I'm wondering this too. I'm trying this in my own fork but I'm not very experienced and it's not quite working.
Update: I made a script to convert the model to ONNX:
import torch.onnx
from torch import nn
from utils import *
from dataset import ImageFolder
from networks import *
class Model(object) :
def __init__(self):
super().__init__()
self.genA2B = ResnetGenerator(input_nc=3, output_nc=3,
ngf=64, n_blocks=4, img_size=256, light=True).to('cpu')
def forward(self, x):
out = self.genA2B(x)
out = nn.functional.interpolate(out, scale_factor=2,
mode='nearest', align_corners=False)
out = torch.nn.functional.softmax(out, dim=1)
return out
model = Model()
params = torch.load('/content/Cats2dogs_ONNX/results/cat2dog/model/cat2dog_params_0002000.pt') #guessing what step is equal too
model.genA2B.load_state_dict(params['genA2B'])
model.genA2B.eval()
random_input = torch.randn(3, 3, 256, 256, dtype=torch.float32)
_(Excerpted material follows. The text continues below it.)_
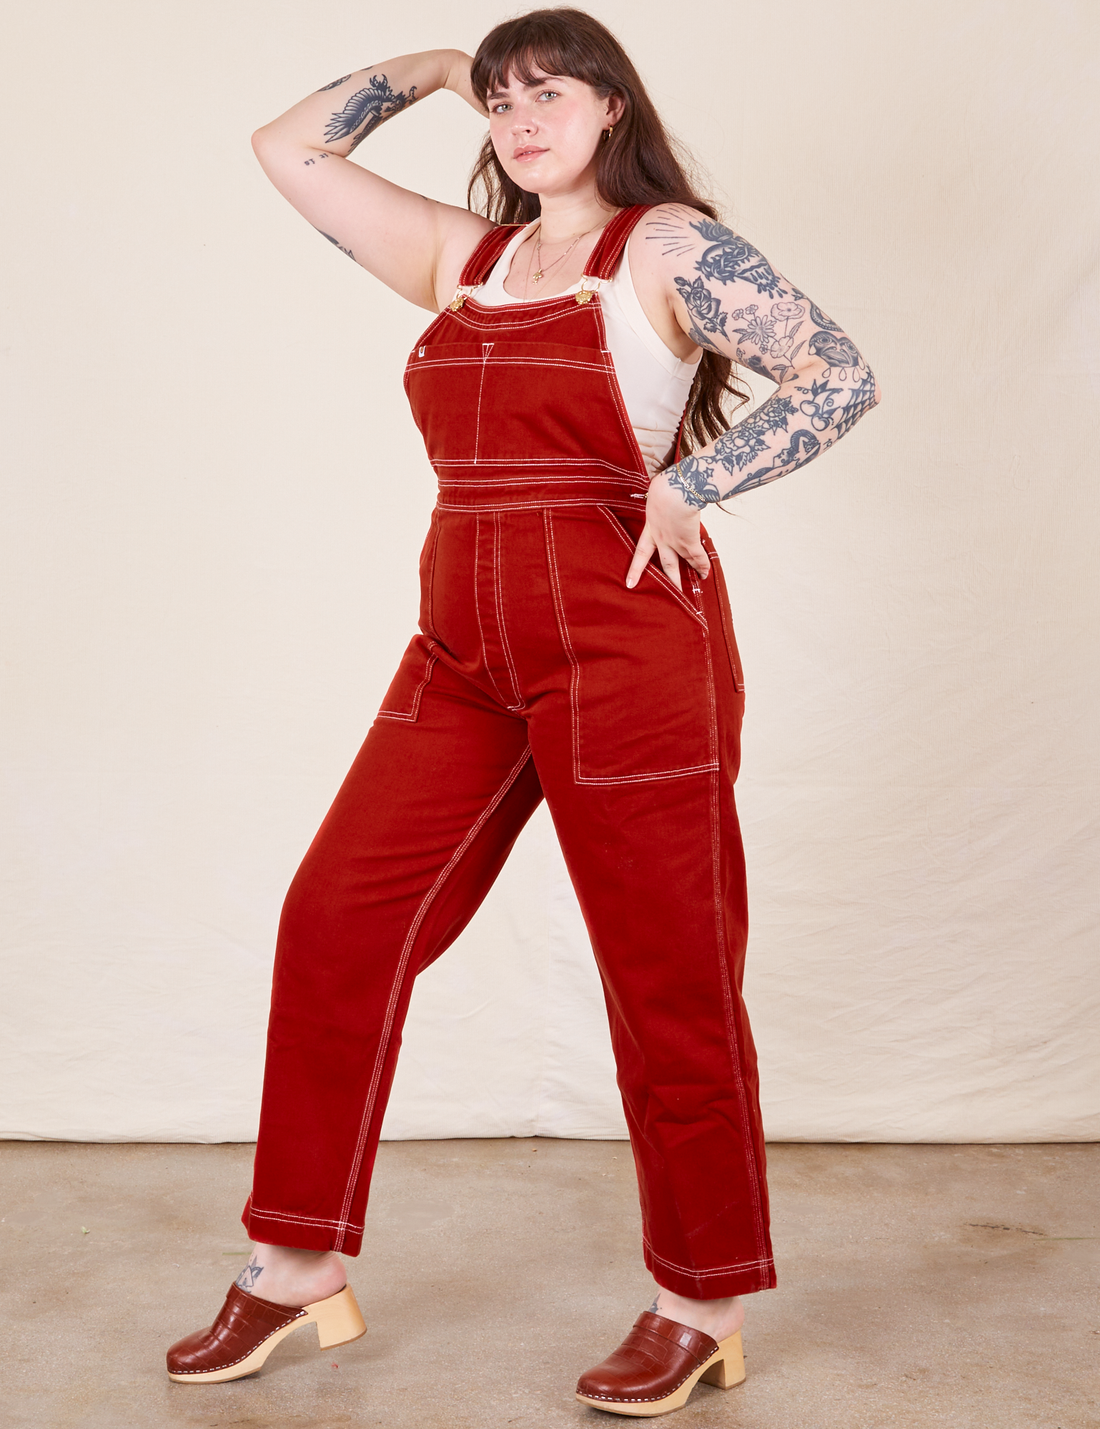 Sydney is 5'9" and wearing M Original Overalls in Paprika

# you can add however many inputs your model or task requires
input_names = ["real_A"]
output_names = ["fake_A2B"]
torch.onnx.export(model.genA2B, random_input, 'model.onnx', verbose=False,
input_names=input_names, output_names=output_names,
opset_version=11)
However, there are some issues. The torch.var() operators in the model are NOT supported by any ONNX version yet. Does anyone know a work around on how to get rid of the torch.var operators and replace them with something else and still have the model work?
Update I fixed it! just change all torch.var to torch.std (...) ** 2 and it should export an ONNX model!